A dedicated STT vendor fits best when the transcription layer needs to be tuned on its own. That comes up in compliance-heavy support lines, multilingual calls, and products that already have a separate orchestration layer.

AssemblyAI is the clearest example. Its voice-agent materials focus on universal streaming, configurable end-of-turn detection, word-level timestamps, confidence scores, and Keyterms Prompting.[4] It also says Universal-3 Pro Streaming is optimized for utterances under 10 seconds, which matches the short turns common in live conversations.[12]

The self-hosted option matters when audio cannot leave the customer environment. For teams that need that boundary, a vendor with a documented self-hosted path is easier to work with than one that only exposes a public API.[7]

OpenAI's Realtime And Transcription Stack

OpenAI gives voice teams two paths. The first is transcription through the Audio API, with models such as gpt-4o-mini-transcribe, gpt-4o-transcribe, and gpt-4o-transcribe-diarize. The second is Realtime, which is designed for low-latency interaction over WebSocket and can support speech-to-speech workflows.[3][5]

That split maps to two common builds. If the product needs text logs, moderation, or a text-first LLM stack, the transcription models are the cleaner fit. If the goal is to keep the call in one audio loop, Realtime is the more direct path. OpenAI also notes a 25 MB file upload limit for transcription, which matters for batch uploads and longer recordings.[3]

For browser-based agents, the current Realtime guidance is the place to start. It is where OpenAI has put more of the live-session workflow.
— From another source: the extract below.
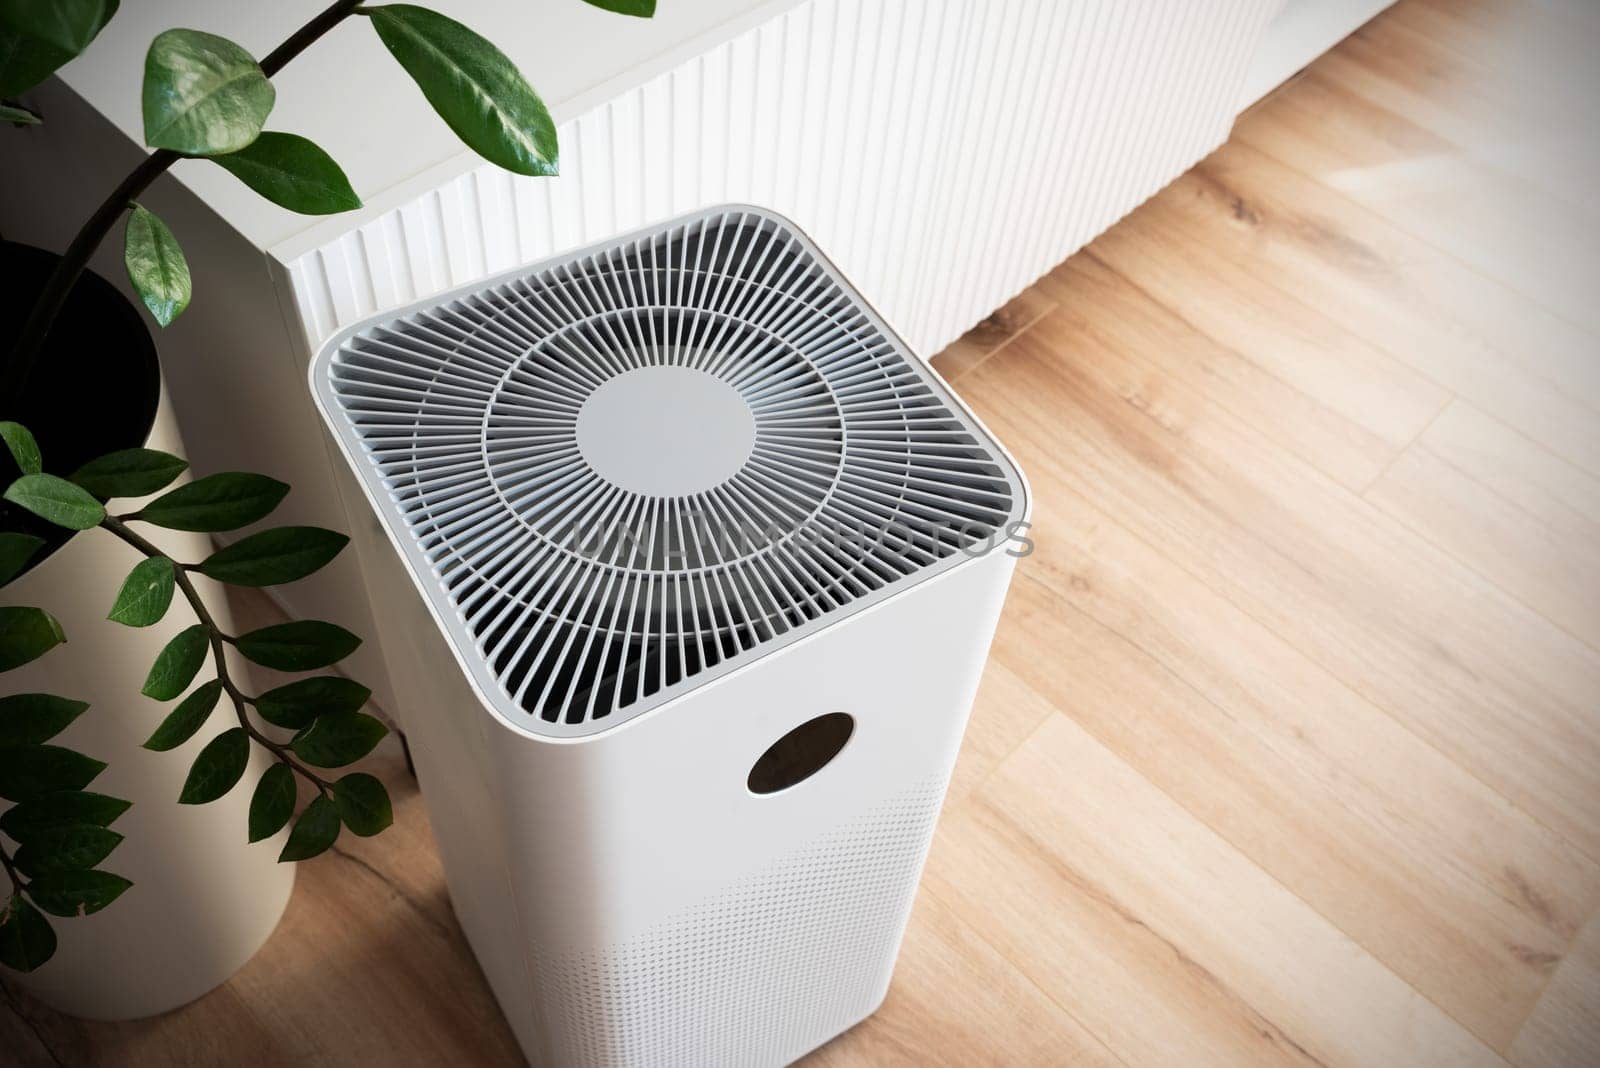 Air purifier in home. Air fresh concept. Smart home devices

AssemblyAI For Voice-Agent Streaming

AssemblyAI's current product framing is built around the parts that usually cause live calls to wobble. It talks about low-latency streaming, end-of-turn detection, immutable transcripts, and the support data used during debugging, such as word timestamps and confidence scores.[4]

That is a practical fit for short, interrupted exchanges. A user starts a sentence, pauses, gets cut off, then resumes. A transcription layer that keeps revising itself tends to make the downstream agent worse. A layer that finalizes cleanly and surfaces turn boundaries more predictably is easier to build around.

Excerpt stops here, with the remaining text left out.